VMware Cloud Community
anothervsphereu
Enthusiast
Enthusiast

Issue adding additional nodes to vSAN cluster

I recently built a 5 node vSAN cluster using a Dell PowerEdgeMX7000 chassis and M740c sleds with 1 SSD and 2 SAS drives each.   The chassis has 1 pair of M5108 ethernet switches that uplink to the main core.  vSAN traffic does not leave the chassis switches.

The vSAN cluster with the 5 nodes is healthy and all skyline health checks pass.  i am currently running Horizon View on this cluster.

I am running esxi 6.7u3+ on these nodes as well.
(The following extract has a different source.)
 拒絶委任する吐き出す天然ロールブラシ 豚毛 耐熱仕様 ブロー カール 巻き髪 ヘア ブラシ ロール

I am trying to add 3 more vSAN nodes.  they are configured identically to the existing 5 nodes.  Same model, disk config, network, cpu/mem etc.   I am strictly using a vSphere distributed switch with MTU of 9000 configured on the vSAN vmk port group. 
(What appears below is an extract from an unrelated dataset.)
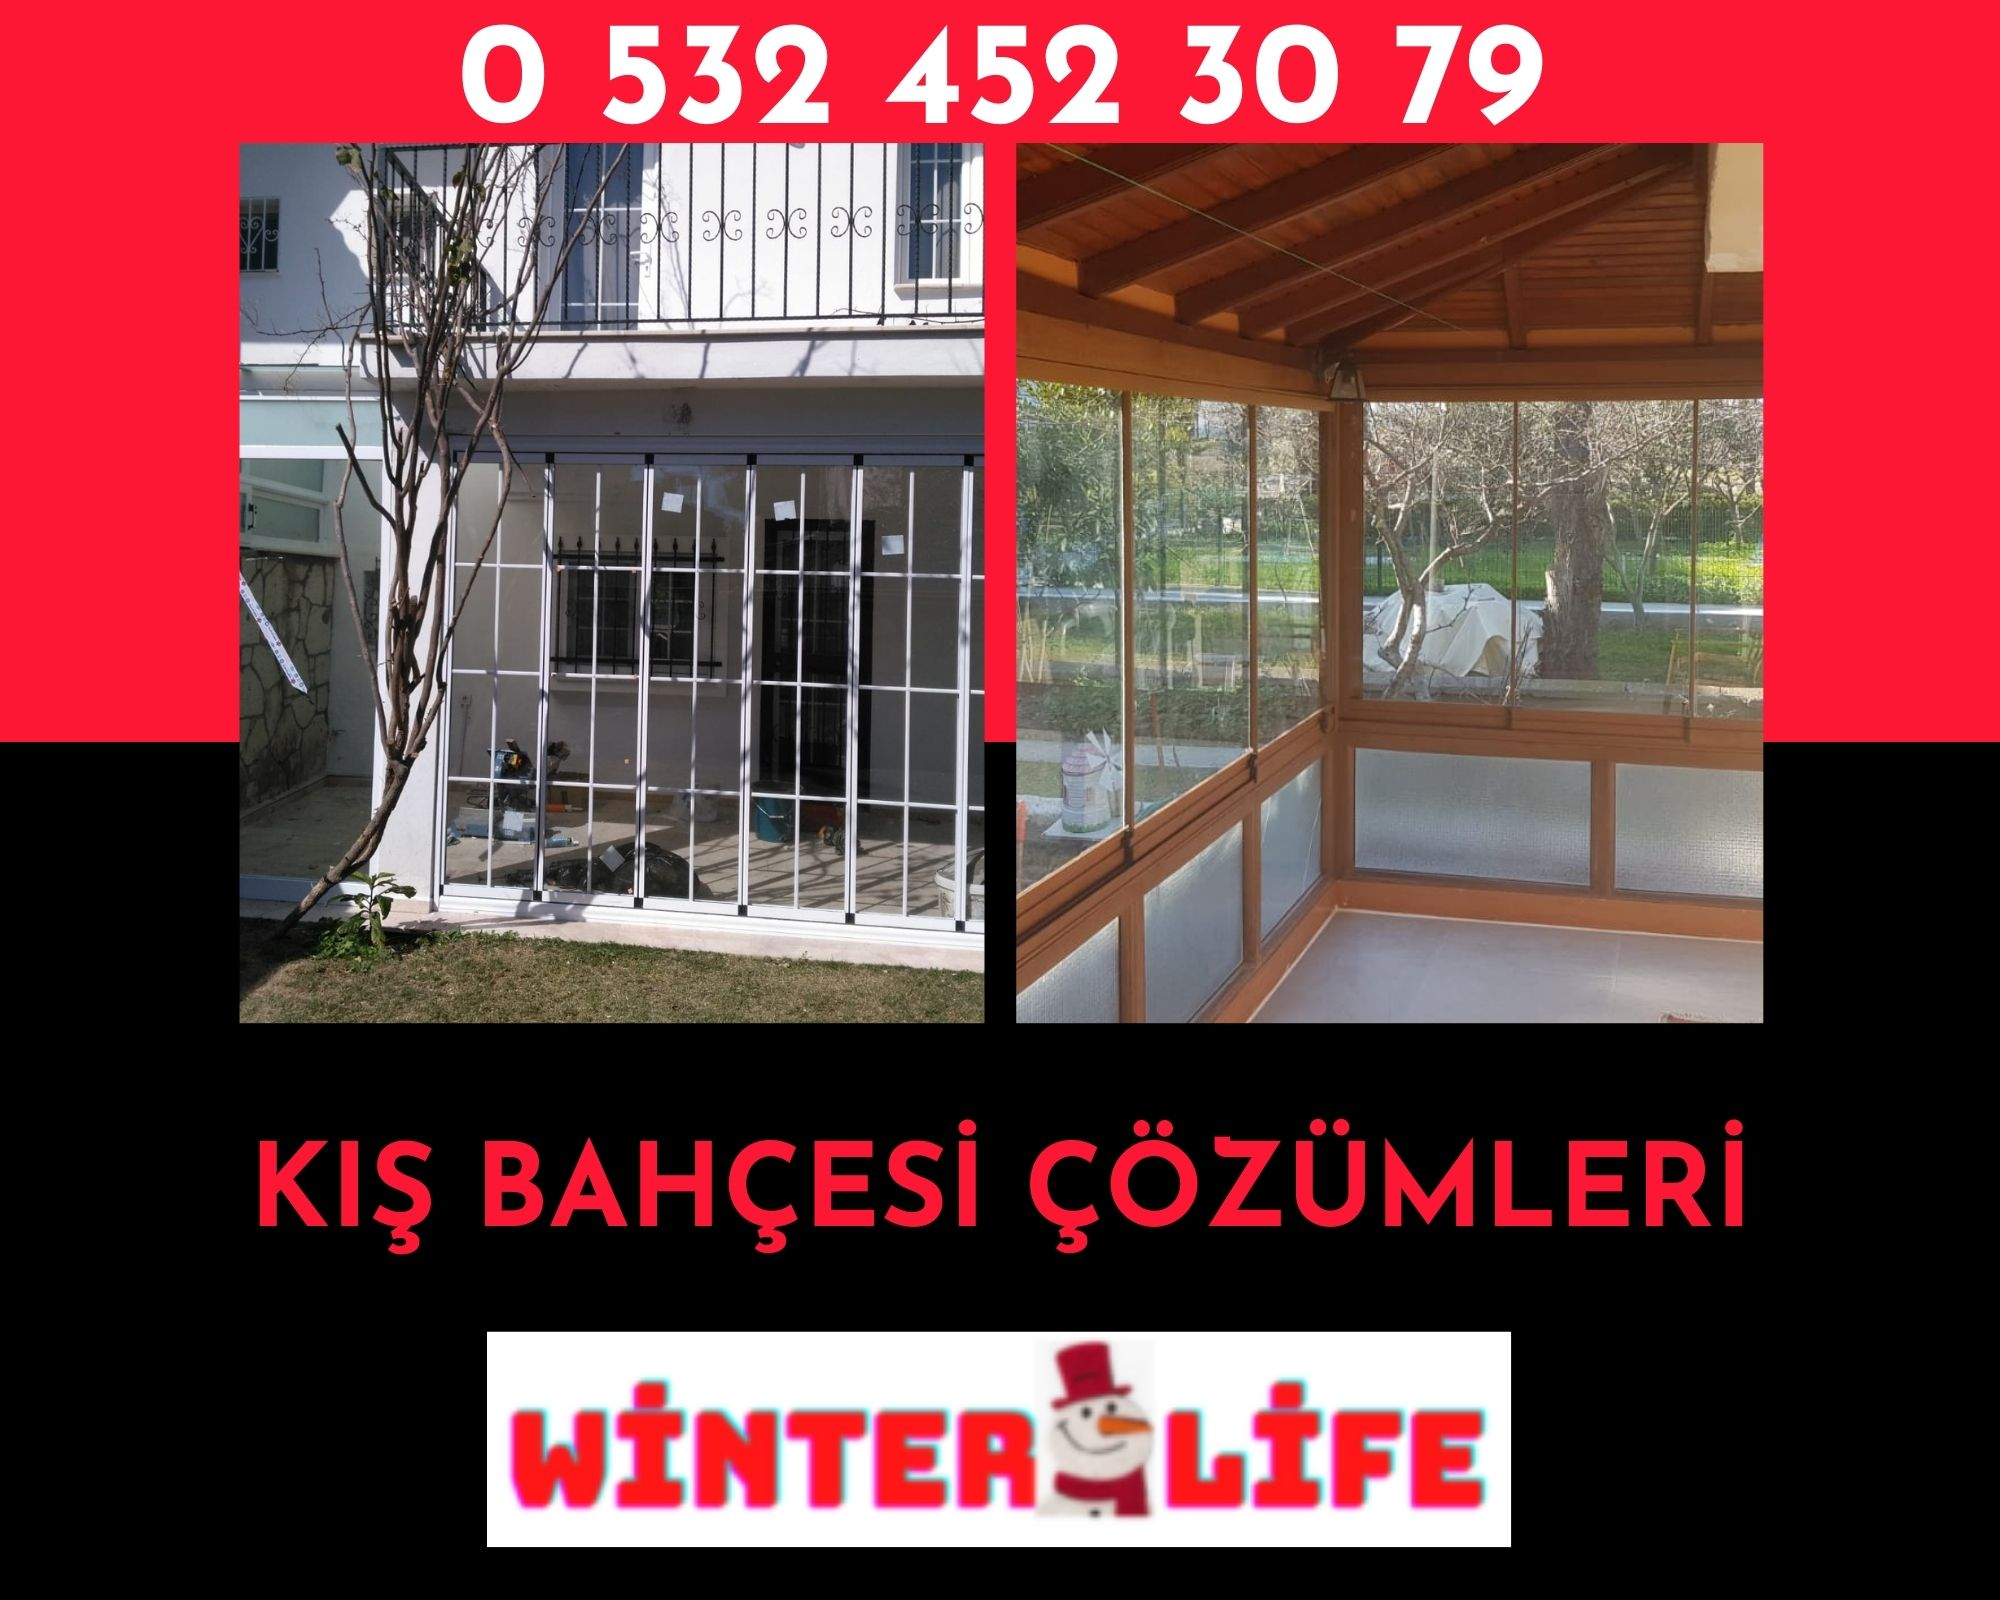 İzmir kış bahçesi sistemleri

All physical switch ports in the chassis are configured identically, each has an MTU of 9216, flow control is all the same,etc.
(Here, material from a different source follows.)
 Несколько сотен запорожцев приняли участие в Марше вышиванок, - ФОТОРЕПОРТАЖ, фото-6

When i attempted to add one new node, the health check immediately flagged the vSAN : Basic unicast connectivity check and vSAN : MTU check (ping with large package size) tests on vmk2 which is the vSAN vmk.   I checked using ping tests that connectivity between all the nodes is good.   I can ping with jumbo frames, although i cannot ping with a packet size of 9000 with no packet fragmentation, but I can't do that on the original 5 nodes that still show ok.   As soon as i put the host back in maintenance mode, the health status goes back to healthy.

Then i tired adding a different node and over the course of 3 hours or so, i retested the health several times and it always showed green.  Sometime overnight, something happened with that node that caused all kinds of vSAN issues.  Horizon desktops would not power on, existing sessions were kicked off.  The vSAN cluster status showed partitioned.  I had to forcefully power off that new node, then power it back on and do a full data migration and remove it from the cluster to get the cluster healthy again.   As before, with the 5 original nodes, it shows healthy.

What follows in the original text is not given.